─── SOURCE MATERIAL

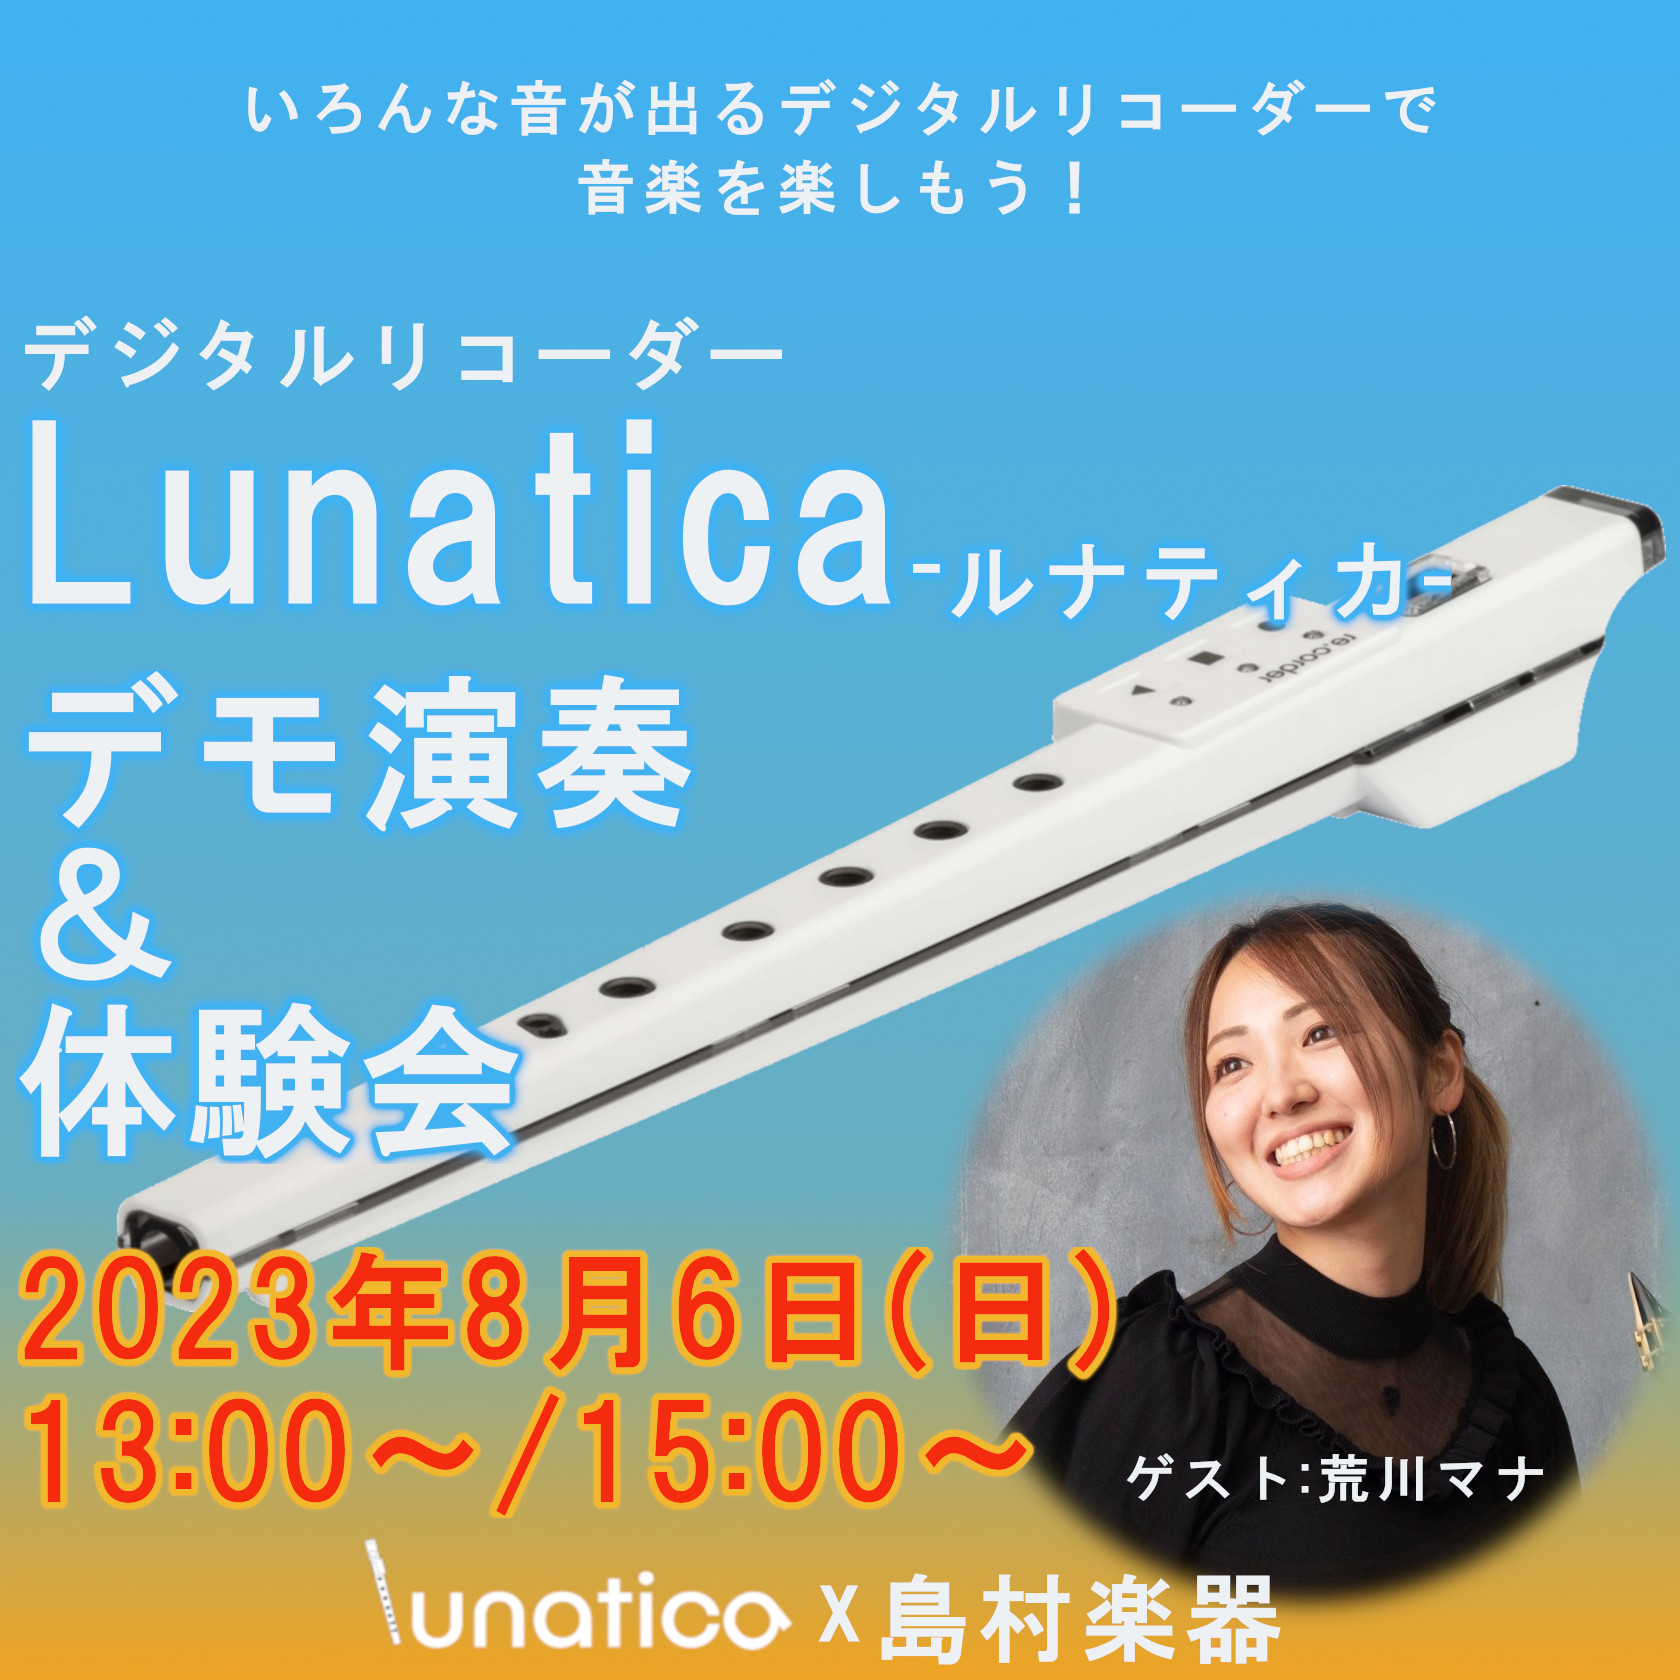 CONTENTSイベント概要Lunatica－ルナティカ-とは？商品詳細イベント担当イベント概要 昨年日本に上陸した話題のデジタルリコーダーLunatica-ルナティカ-実際にどんな楽器なのか、どんな事が出来るのかをゲストによるデモ演奏と合わせて体験できるイベントを開催致します！観覧・ご参加は無料と […]
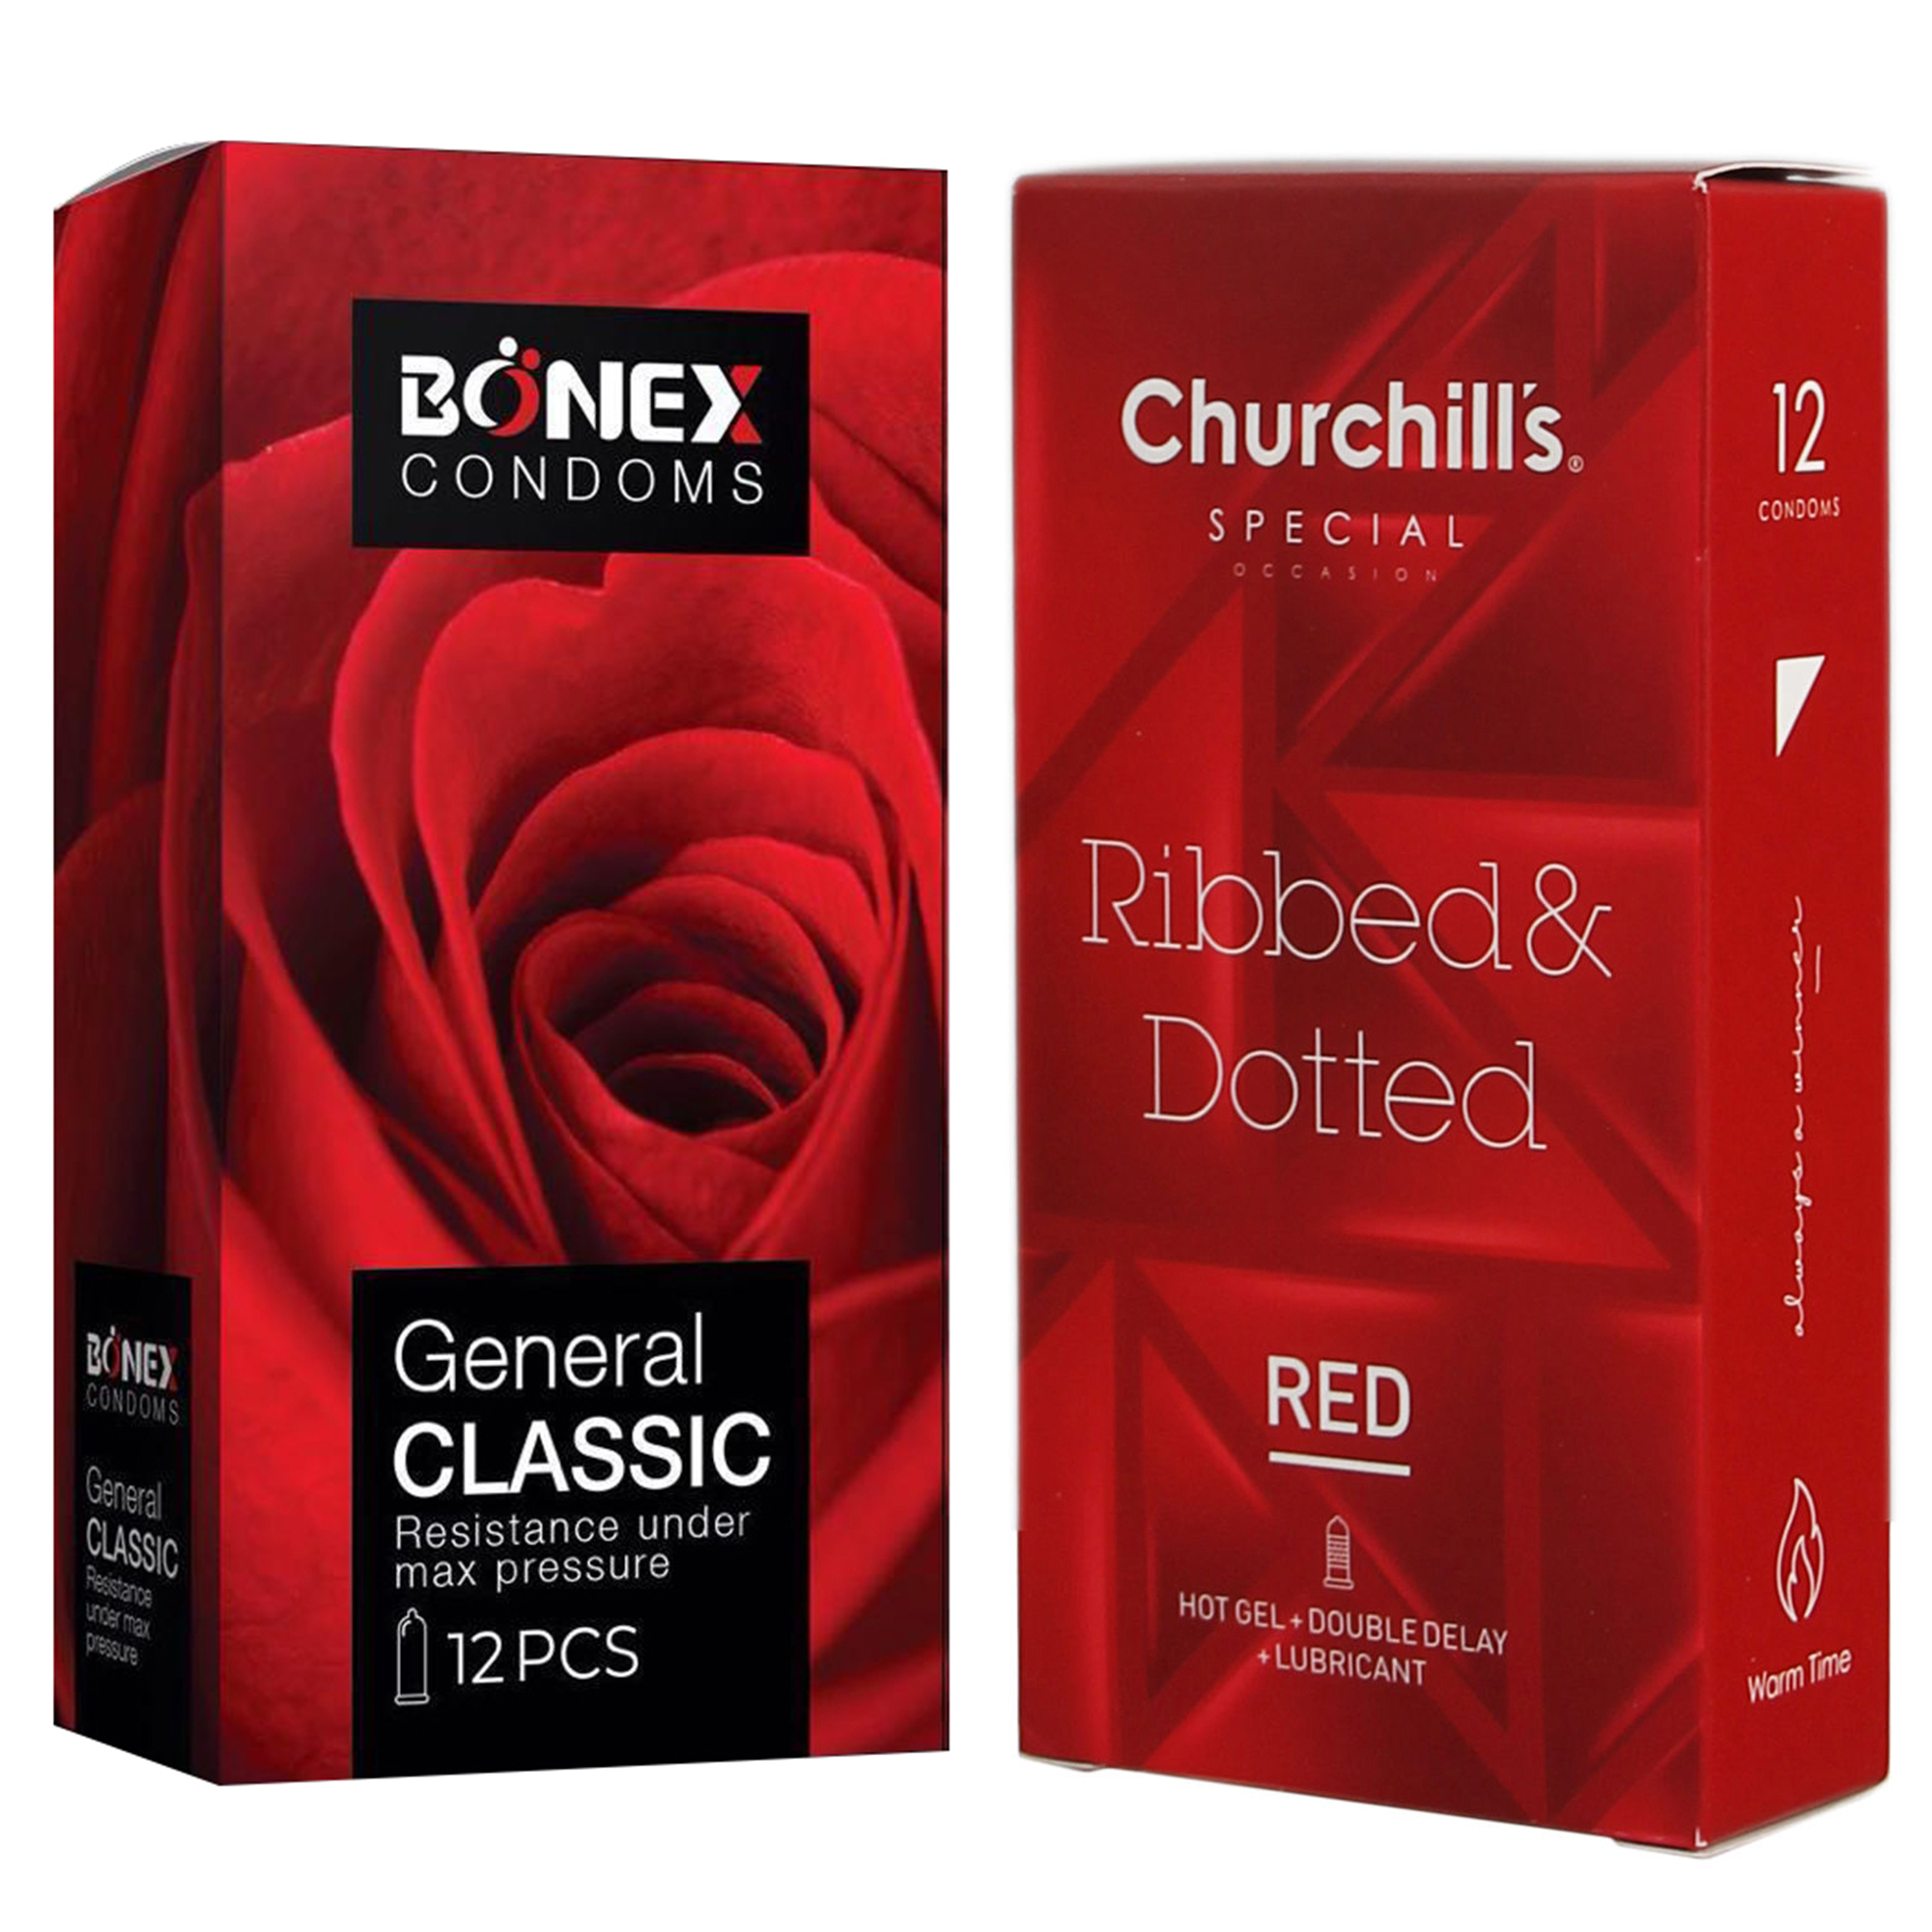 کاندوم چرچیلز مدل Ribbed & Dotted Red بسته 12 عددی به همراه کاندوم بونکس مدل General Classic بسته 12 عددی 
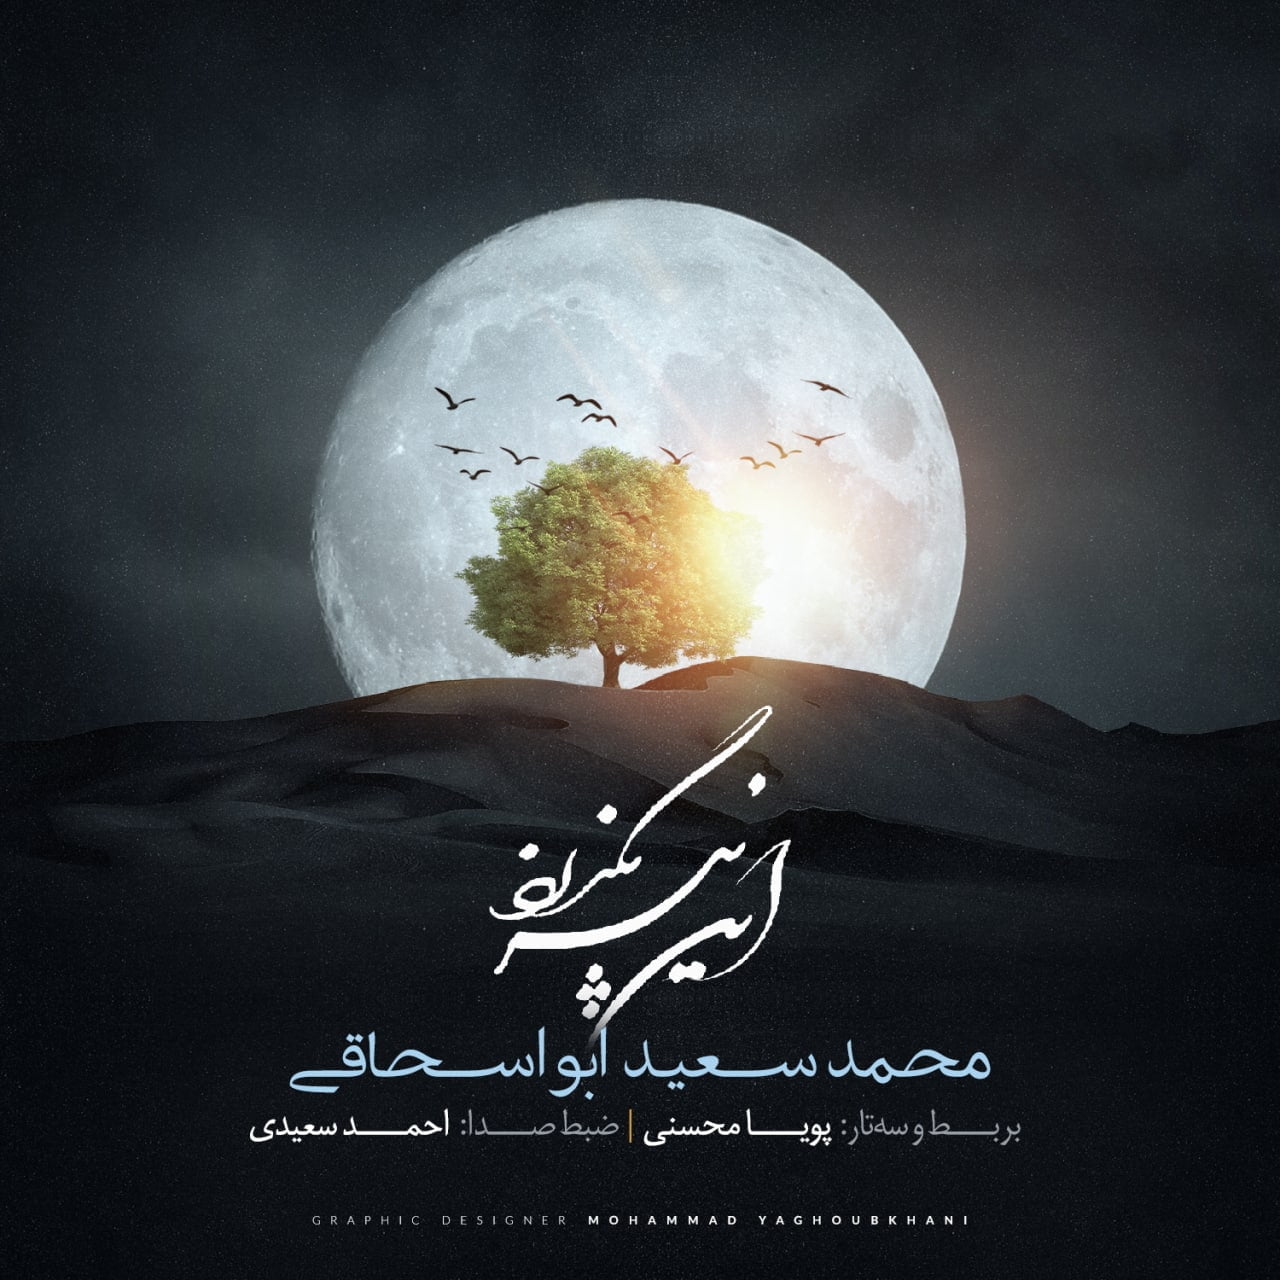 دانلود آهنگ جدید محمد سعید ابواسحاقی با عنوان این نیز بگذرد

──────

- [WHAT TO WORK ON]: Repeat the listing exactly; do not print any picture.

- [RESPONSE]:
 CONTENTSイベント概要Lunatica－ルナティカ-とは？商品詳細イベント担当イベント概要 昨年日本に上陸した話題のデジタルリコーダーLunatica-ルナティカ-実際にどんな楽器なのか、どんな事が出来るのかをゲストによるデモ演奏と合わせて体験できるイベントを開催致します！観覧・ご参加は無料と […]
 کاندوم چرچیلز مدل Ribbed & Dotted Red بسته 12 عددی به همراه کاندوم بونکس مدل General Classic بسته 12 عددی 
 دانلود آهنگ جدید محمد سعید ابواسحاقی با عنوان این نیز بگذرد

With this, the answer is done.